• Activity: The required output is the run of lines from the one holding "Art Deco glass" through the final line of the listing, restated word for word, with no pictures.

• Available data:
******************************

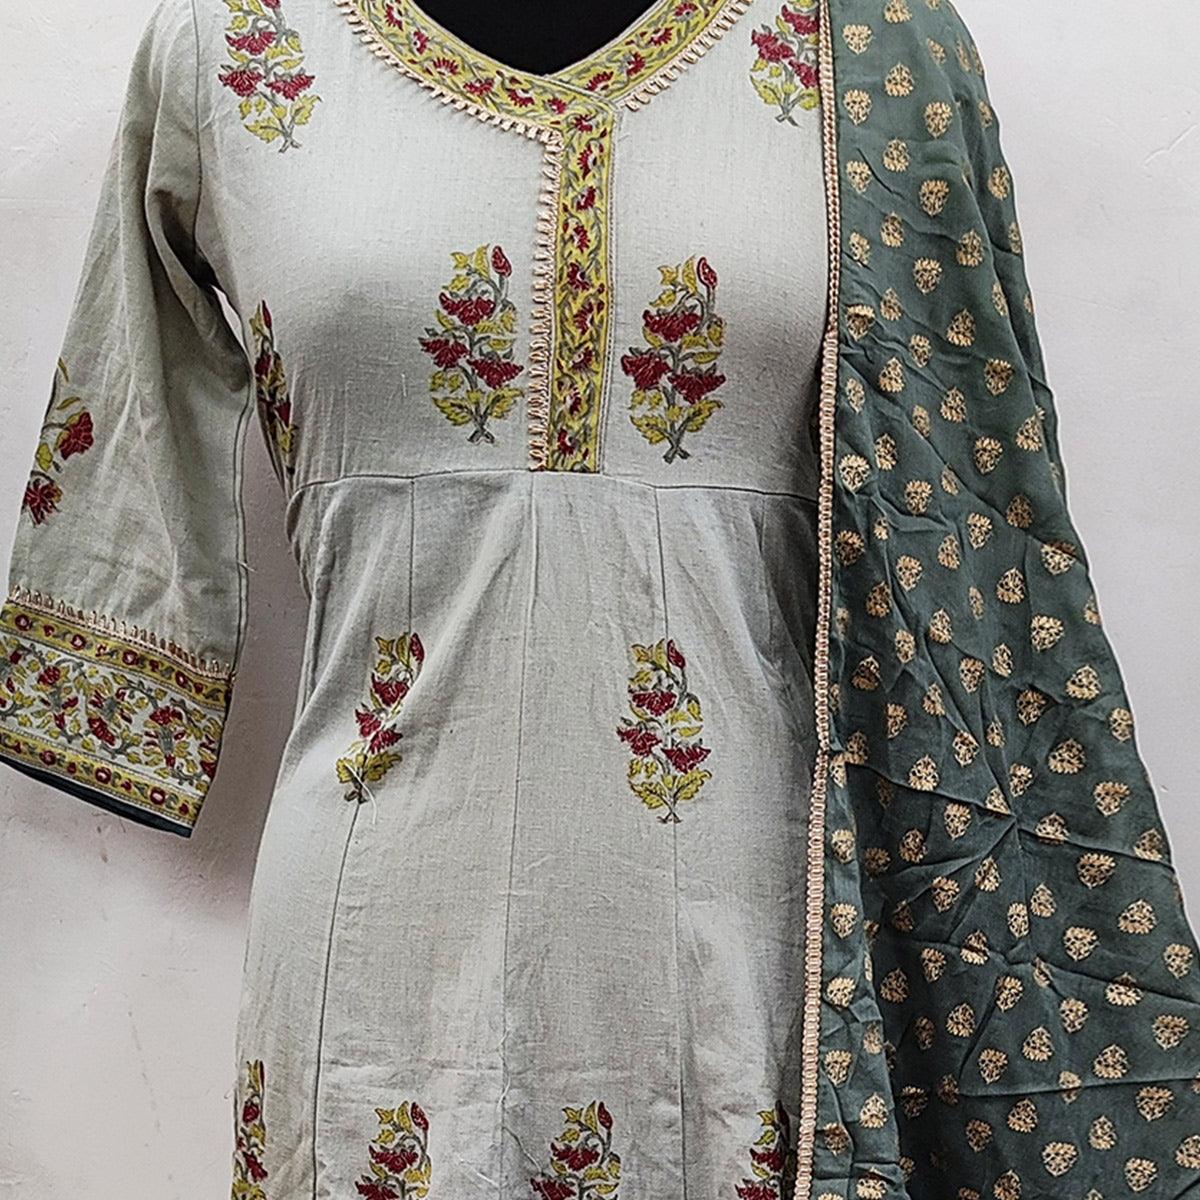 Desirable Grey Colored Party Wear Floral Printed Cotton Anarkali Kurti With Dupatta - Peachmode
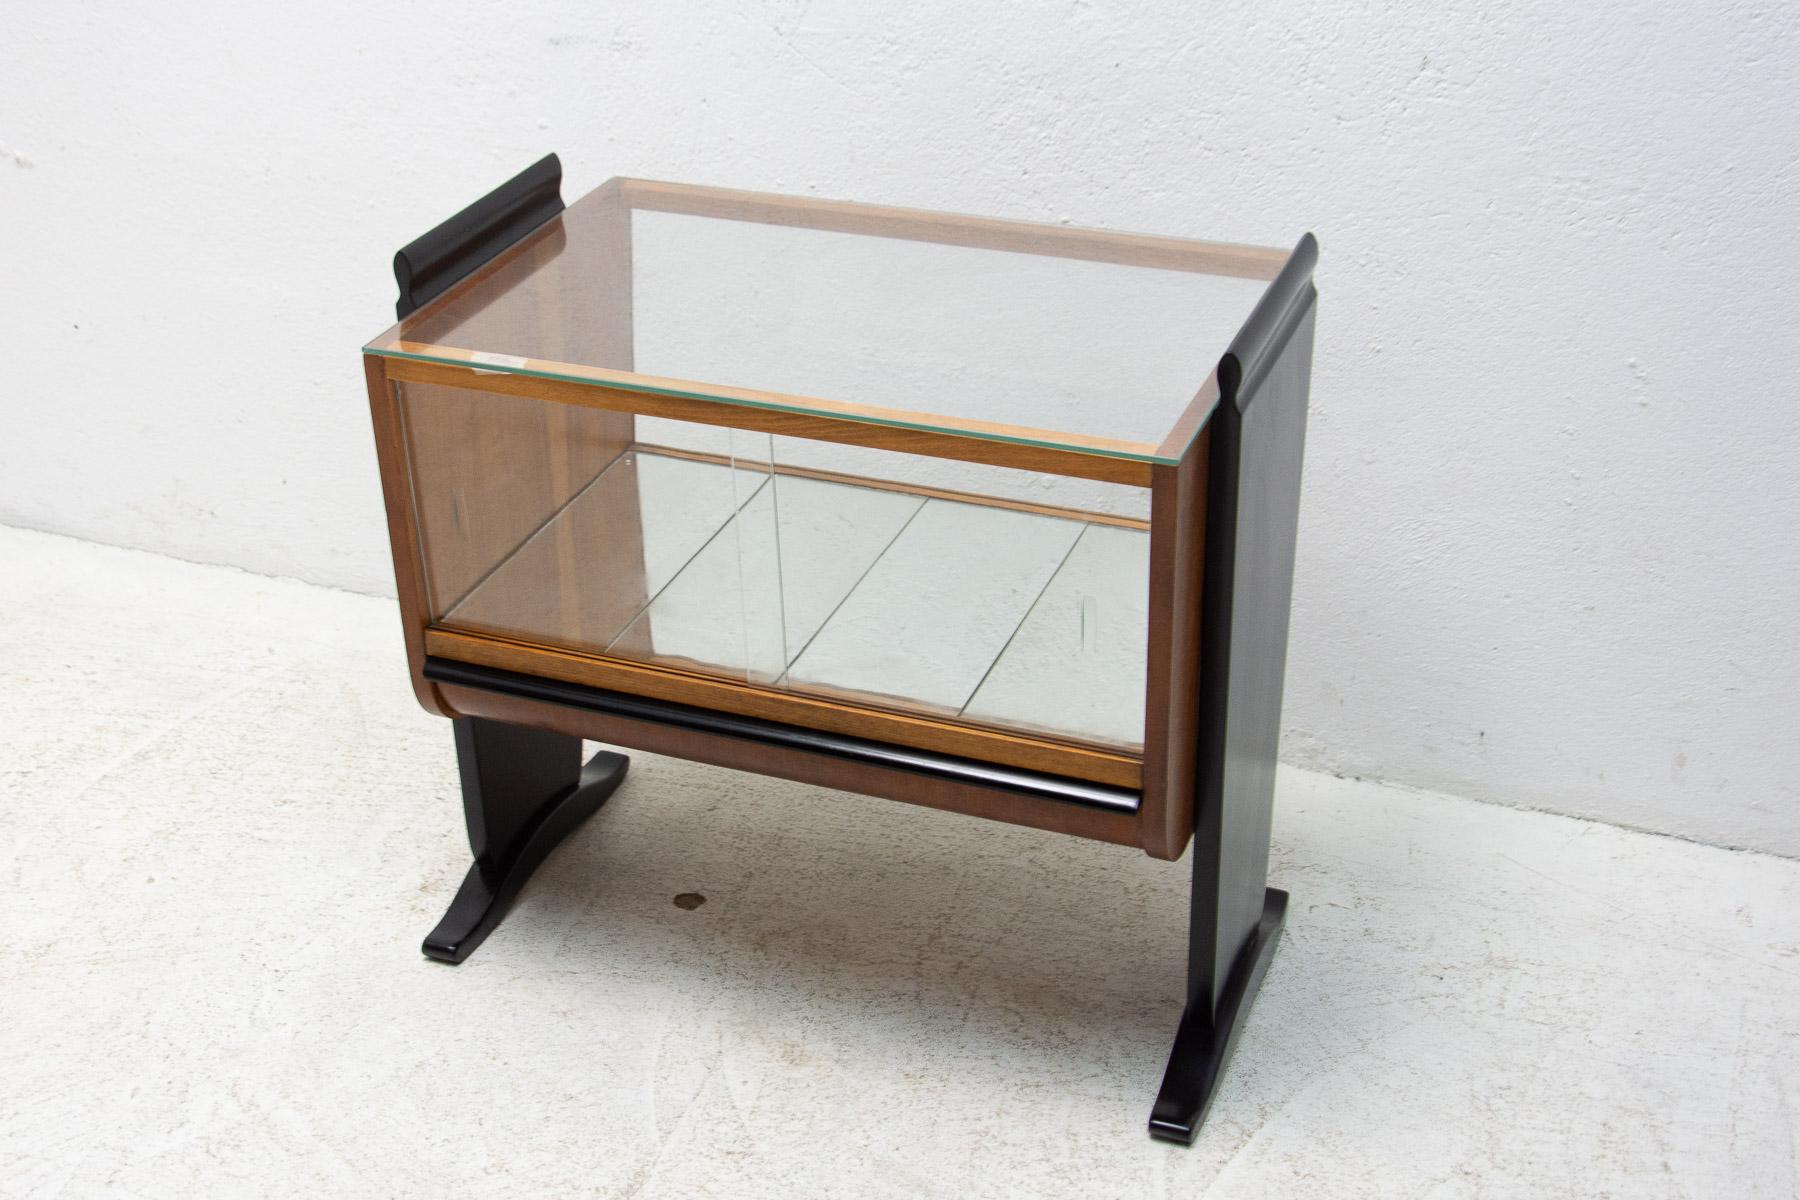 Art Deco glass drinks cabinet/bar, made in Czechoslovakia probably in the 1930´s by the world famous architect Jindrich Halabala and manufactured by UP-Zavody. Made from beech with walnut veneer, black lacquered legs, glass top and doors. Fully
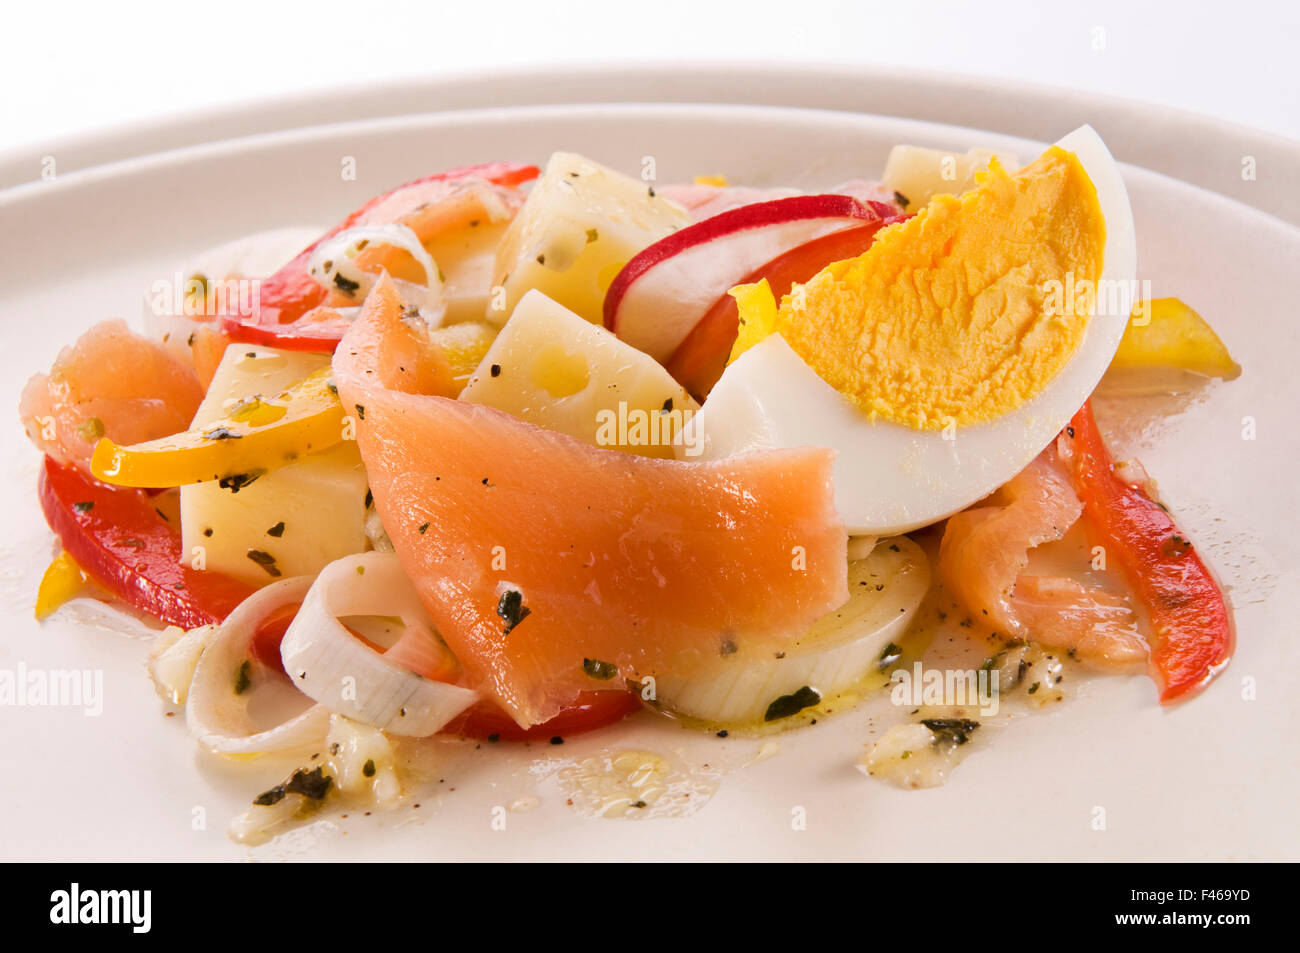 Appetizer of fresh salmon with cheese and vegetables close up. Stock Photo
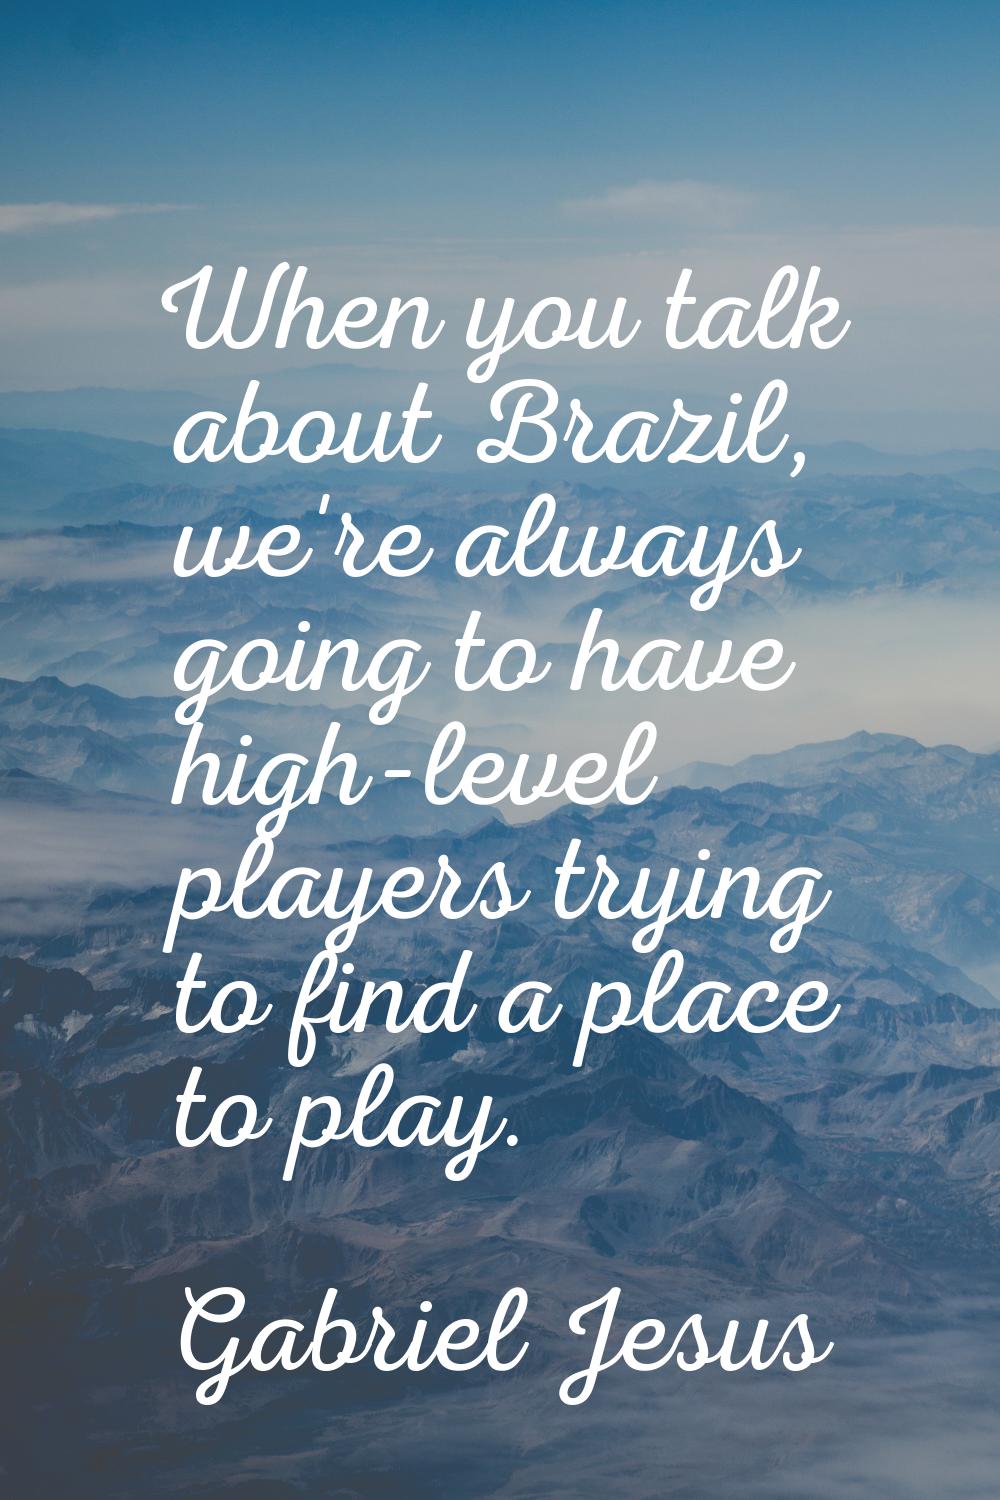 When you talk about Brazil, we're always going to have high-level players trying to find a place to

******************************

• Response:
 Art Deco glass drinks cabinet/bar, made in Czechoslovakia probably in the 1930´s by the world famous architect Jindrich Halabala and manufactured by UP-Zavody. Made from beech with walnut veneer, black lacquered legs, glass top and doors. Fully
 Appetizer of fresh salmon with cheese and vegetables close up. Stock Photo
 When you talk about Brazil, we're always going to have high-level players trying to find a place to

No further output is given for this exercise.